# should I buy this car?



## misato (Jan 26, 2005)

The situation is thus; I had an accident with my 91 NX 2000, and I wanted to get a 240sx. Friend of a friend was selling one (yea, you can starting "uh-ohing" now), so I told him I was interested. 

Car info: *1993 240SX SE Super HiCAS* | 162,000 miles | white | fairly good condition black leather interior | some small rust spots, and some minor body damage on the passenger side front fender and bumper | moon-roof seals seem good | aftermarket springs on the car, lowered around 2" in front, 1" in back, camber is decent, but ride is harsh, extremely rough over any road surface faults | decent 17" aftermarket wheels and tires | Injen intake

He said he was asking $2500, but he would probably take $2000, since there was a "ting-ting-ting" coming from the engine, and the power steering whined when it was first started. I told him I was favoring it over other choices (don't really want to go $9K deeper in debt on a 99 Subaru 2.5RS Impreza), but that I wanted to get it checked out first.

Respectable Mechanic's "Pre-Sale Inspection" report:

"tink-tink-tink" The car needs it's timing chain and tensioner replaced. $1900 estimate I wouldn't even consider doing this repair since I would hopefully be looking at a SR20DET or maybe RB engine swap. I read that this noise is due to the plastic tensioner, and the chain very rarely breaks. (please correct me if I am wrong).

There is some smoke in the exhaust (burning some oil), and that "replacing the valve stem seals" could possibly fix the problem. $645 estimate

It won't pass VA emissions test with this smoke.

It also won't pass VA safety inspection due to:

Passenger side hi-beam out. $265 estimate to replace headlight switch (this is 100% confirmed, it is DEFINITELY not the lamp or a fuse).

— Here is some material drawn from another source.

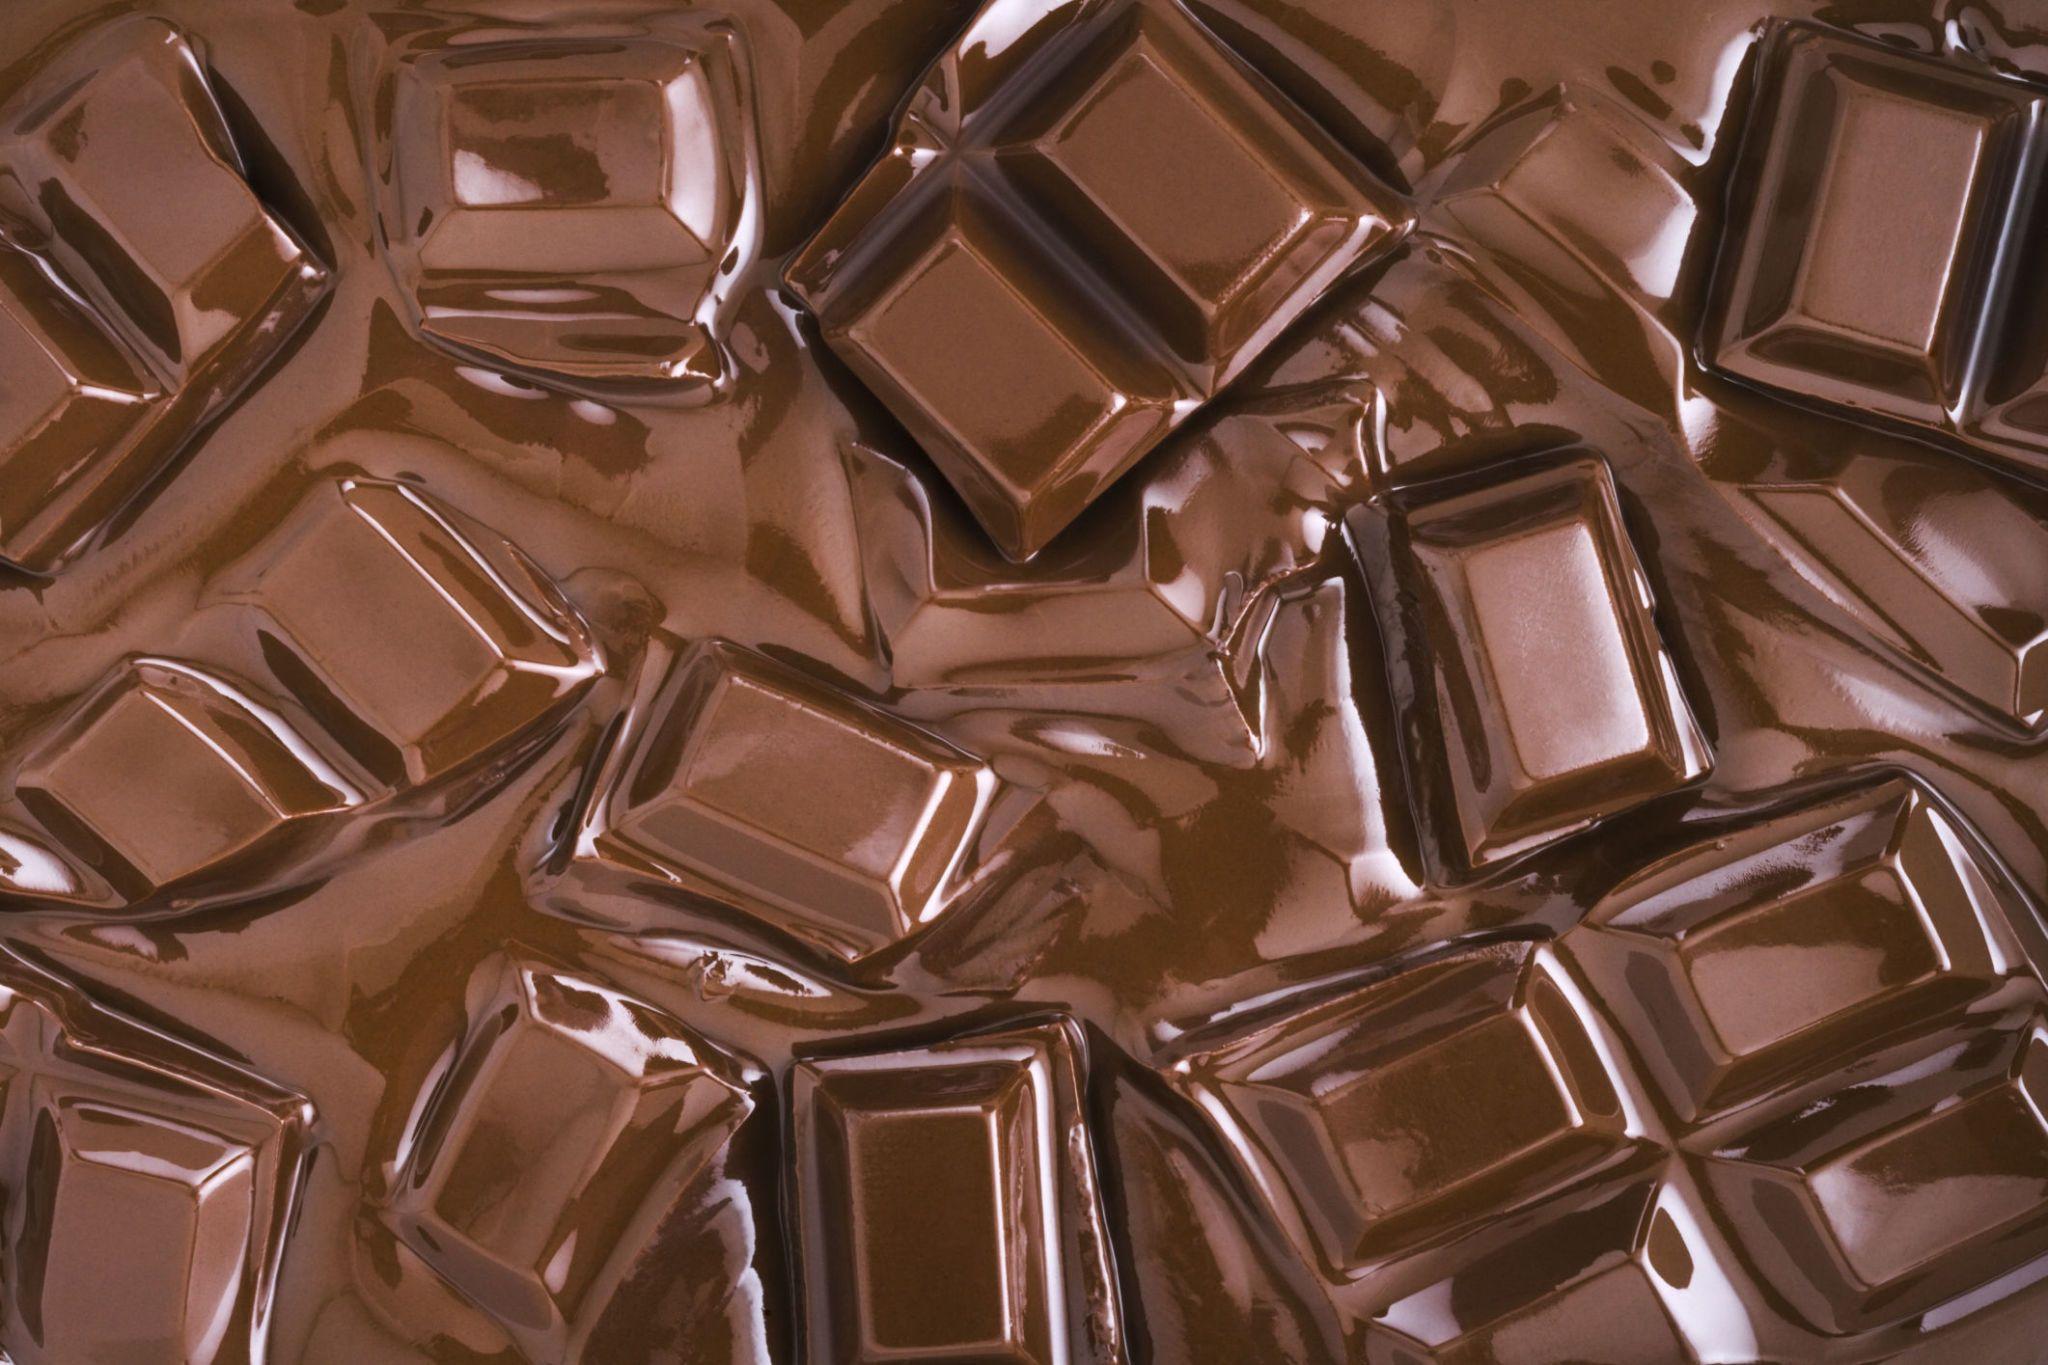 national chocolate day 2019 freebies

Small hole in muffler. $95 estimate to weld the tear shut. (Not worried about longevity due to likely hood of new exhaust accompanying new engine).

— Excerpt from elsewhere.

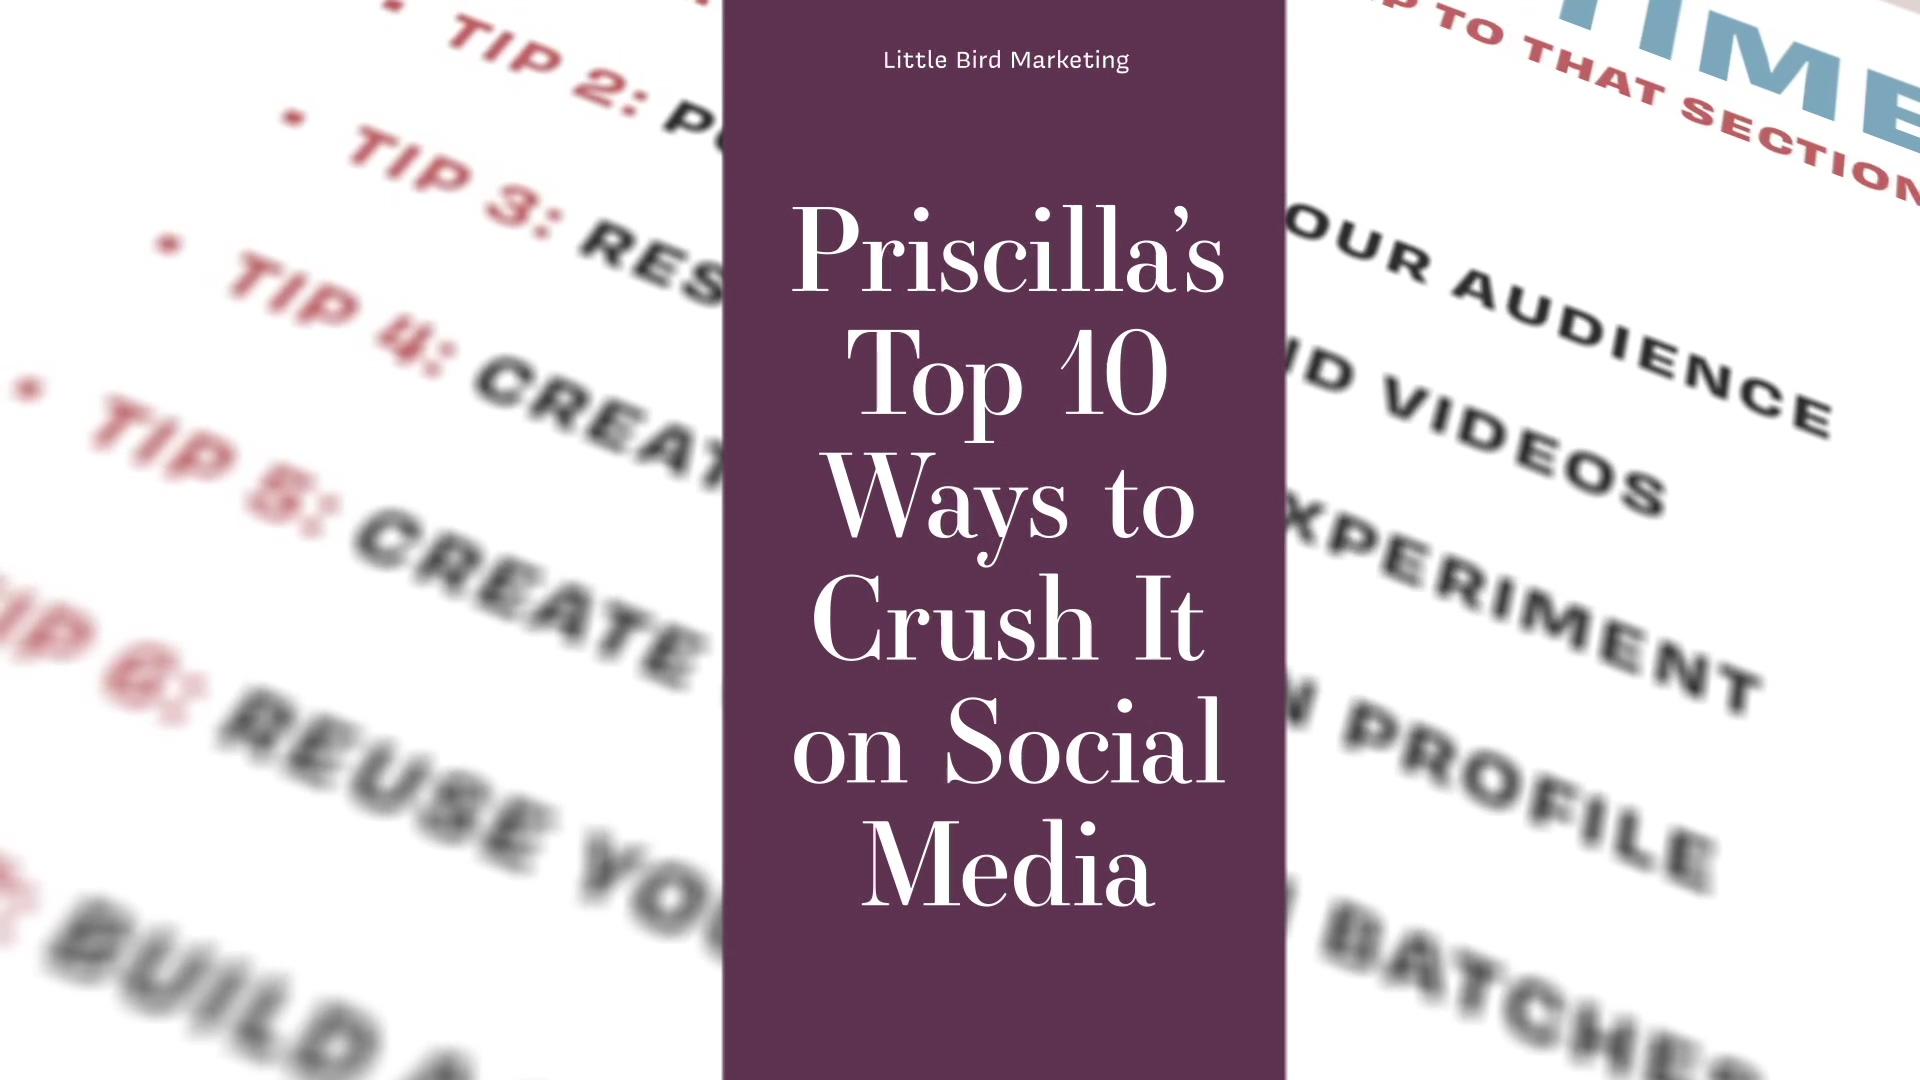 2020-lbm-priscillas-top-10-ways-to-crush-it-on-social-media

Clamp and hoses replaced for power steering, to eliminate whine; $190 estimate.


Now some of you may know about Virginia's incredibly strict (even facist) regulations. Safety inspection is extremely tough and it is done ANNUALLY, as is emissions. Inspection standards are so high, if you have an aftermarket fog light on your car, it will fail inspection if it doesn't work, even though it's not stock, or required.

I plan to confirm this with my mechanic tommorrow (Wed. morning), but to the best of my knowledge, the car will pass the safety inspection if I have the headlight/muffler/power steering issues taken care of.

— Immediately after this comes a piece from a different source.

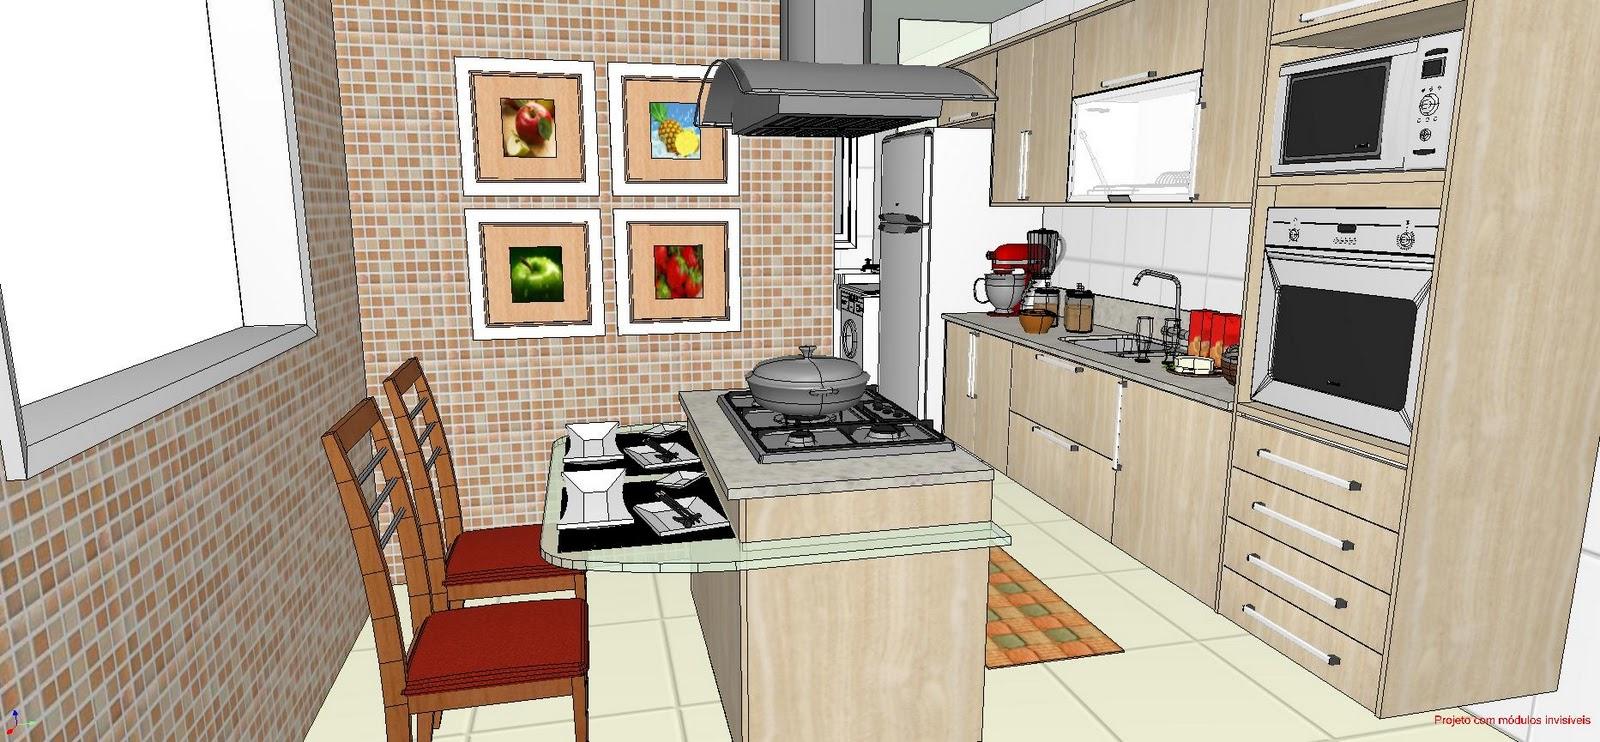 Passa Pratos Modernos Passa Pratos Modernos Cozinha Com Passa

Now, I know a guy who knows a mechanic (asian in-circle thing), who says the guy can probably be very leniant on the emissions, and pass the car, assuming the muffler hole is fixed.

As of *RIGHT NOW*, I am trying to coordinate all of this with a deadline of Thursday afternoon.

_ What I hope you knowledgeable members of this community can help me with, is:_

The guy selling this car to me will drop to a $1800 sale price; *is it worth buying the car*, and paying about $700 in total repair costs to have the car legally on the road in VA?? This would be a total of $2500 out of my pocket, and I would be left with the car, as originally described. It would still have a smokey exhaust, and need a new timing chain sometime in the not so distant future. I have aspirations to do the typical SR20DET engine swap, or perhaps even try to swap in an RB. However if I am putting out $2500 initially, it won't be until the late summer that I can do this. 

This has been an extremely complicated endeavor so far (believe me, this is the concise version), and I am now down to the wire. I really would like to have a 240 to work on, but it MUST be a reliable daily driver as well. 

I am at the mercy of your wisdom! q[@[email protected]]p

thank you all in advance, for helping a noob.

d-_-b


----------



## Marvin (Oct 16, 2002)

JMO,

But I would never buy a car from someone I knew. If something happened, its too much of a chance to losing a friend.

I wouldn't care if it was 1 year old or 10 years old, I wouldn't do it.


----------



## Radioaktiv (Feb 12, 2004)

those estimates sound very high

for $2000 you cant expect to get much


----------



## sethwas (Apr 30, 2002)

why not get something newer?

Seth


----------